I second Wamut, and as an aside, I love that in the wikipedia entry for Fictocriticism, it says “See also: Linguistics”.
“I love that in the wikipedia entry for Fictocriticism, it says “See also: Linguistics”.” Oh no, oh god.
In terms of angling, a snood is a short line that attaches a hook to a main line, often made of a different material to the main line and in pre-industrial terms may protect the line attachment area – that is the proximal end of the hook – not the incisive (?) penetrative distal end. [See Wikipedia here for further explanation — the homophony of the form is made clear here — Peter Austin]
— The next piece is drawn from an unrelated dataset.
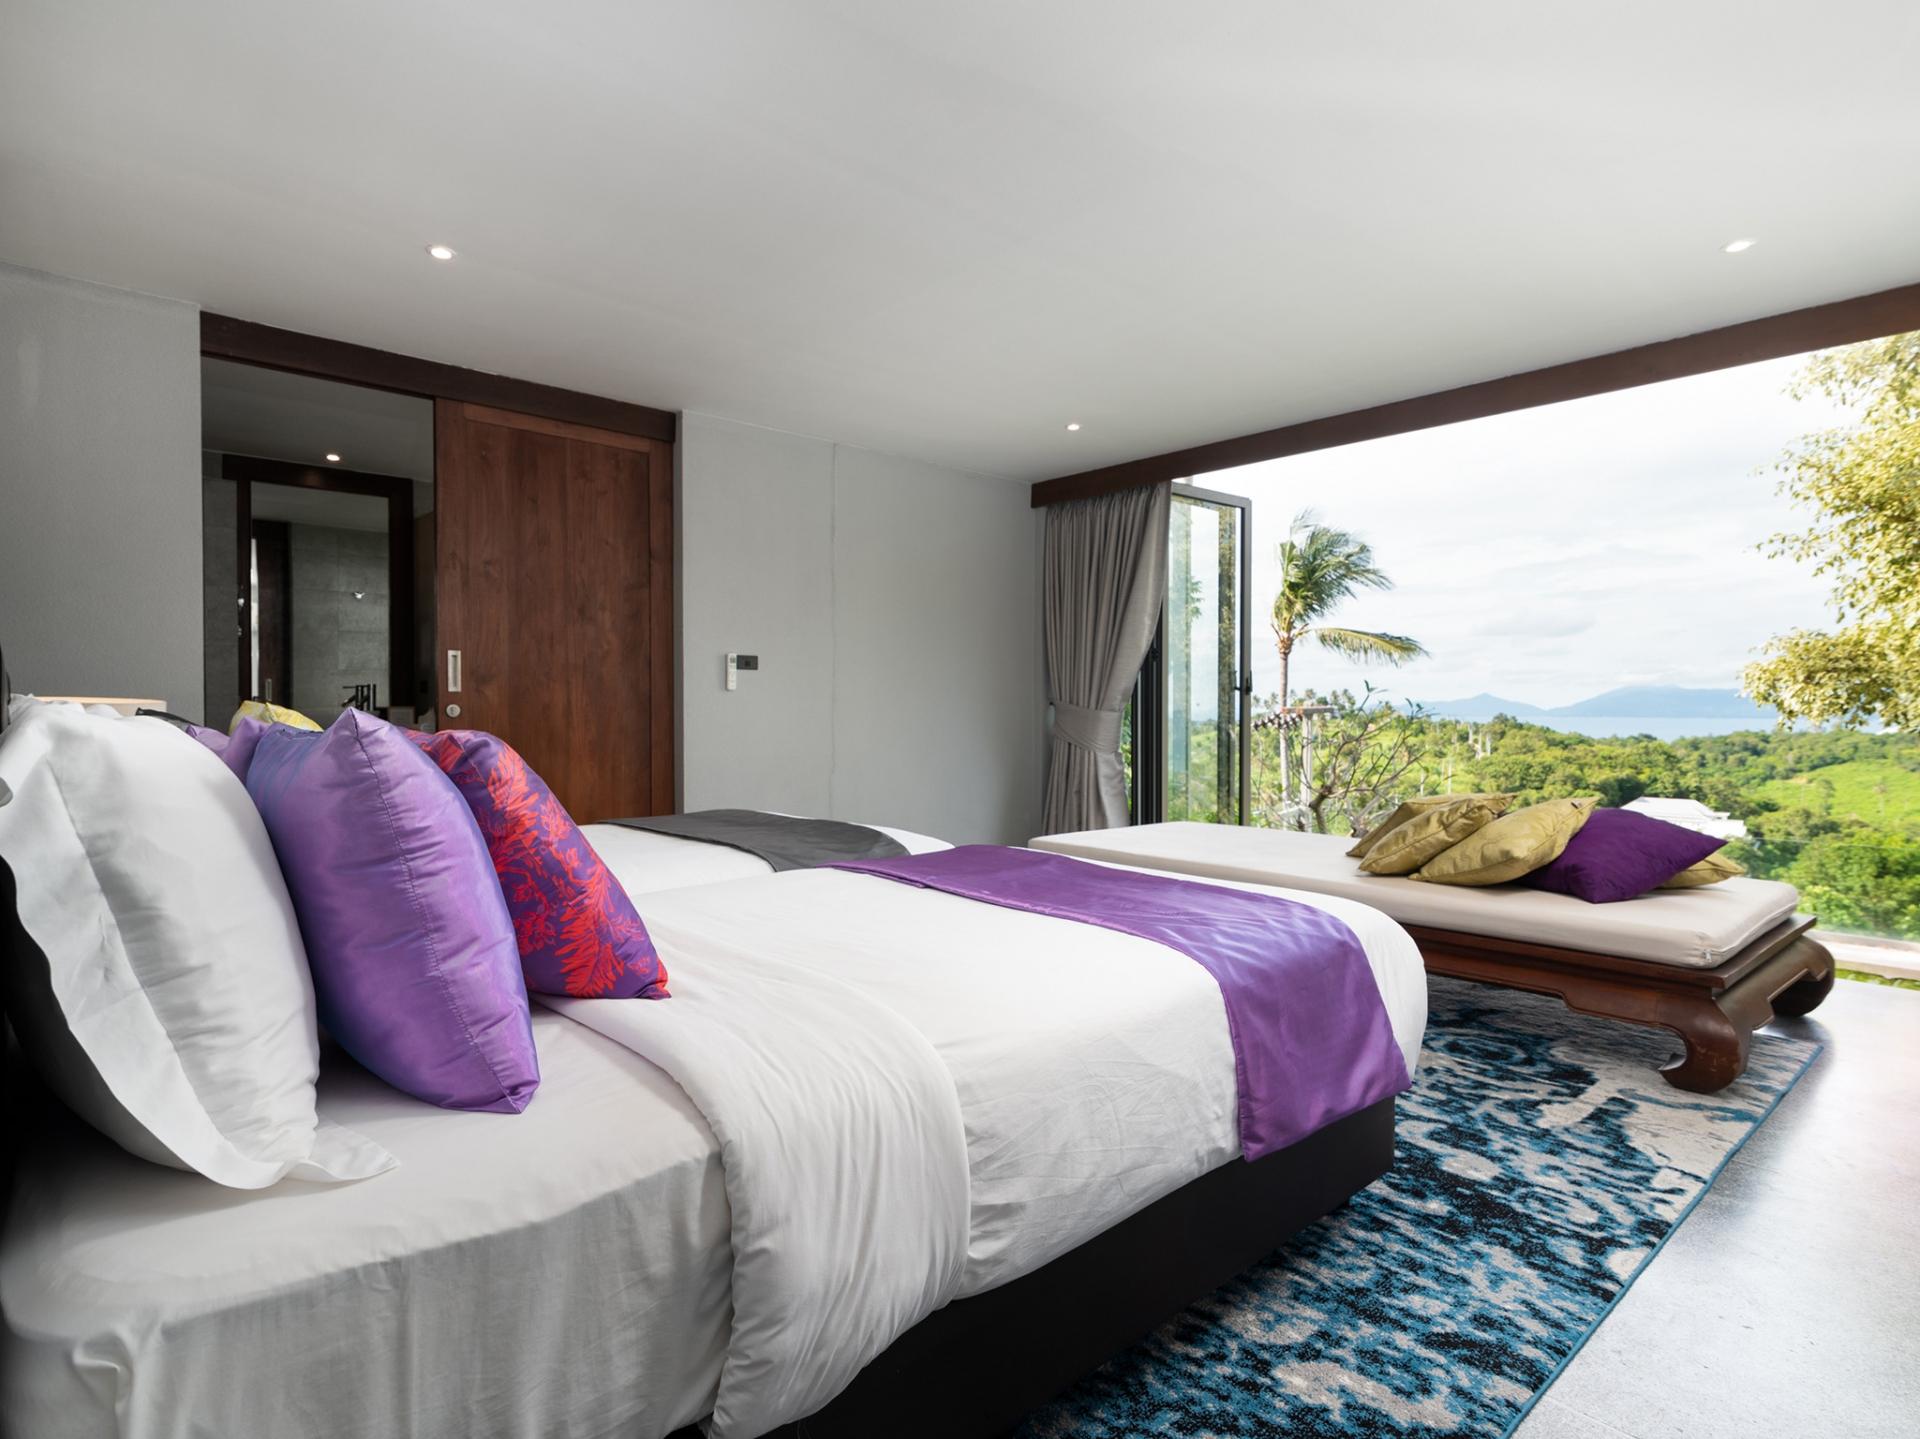 Breathtaking Family Villa-021 Villa Suralai - Twin deluxe bedroom.jpg

Gibson (2015:207) has now repeated his contemplation of the kara- words (as above) in an academic journal.
At least now he has adopted the notion of word: “Dawes recorded many words like these, words and phrases that witnessed a force for growth and benefaction in the country.”
Gibson however is oblivious to my critique (above), and has added a bit to his discussion: “There is a sense in kara of something that seems characteristic of Sydney: the sense of increase or burgeon. When the suffix [sic] kara insinuates a phrase, the world the phrase represents seems to reconfigure and rouse through the language. [etc]”.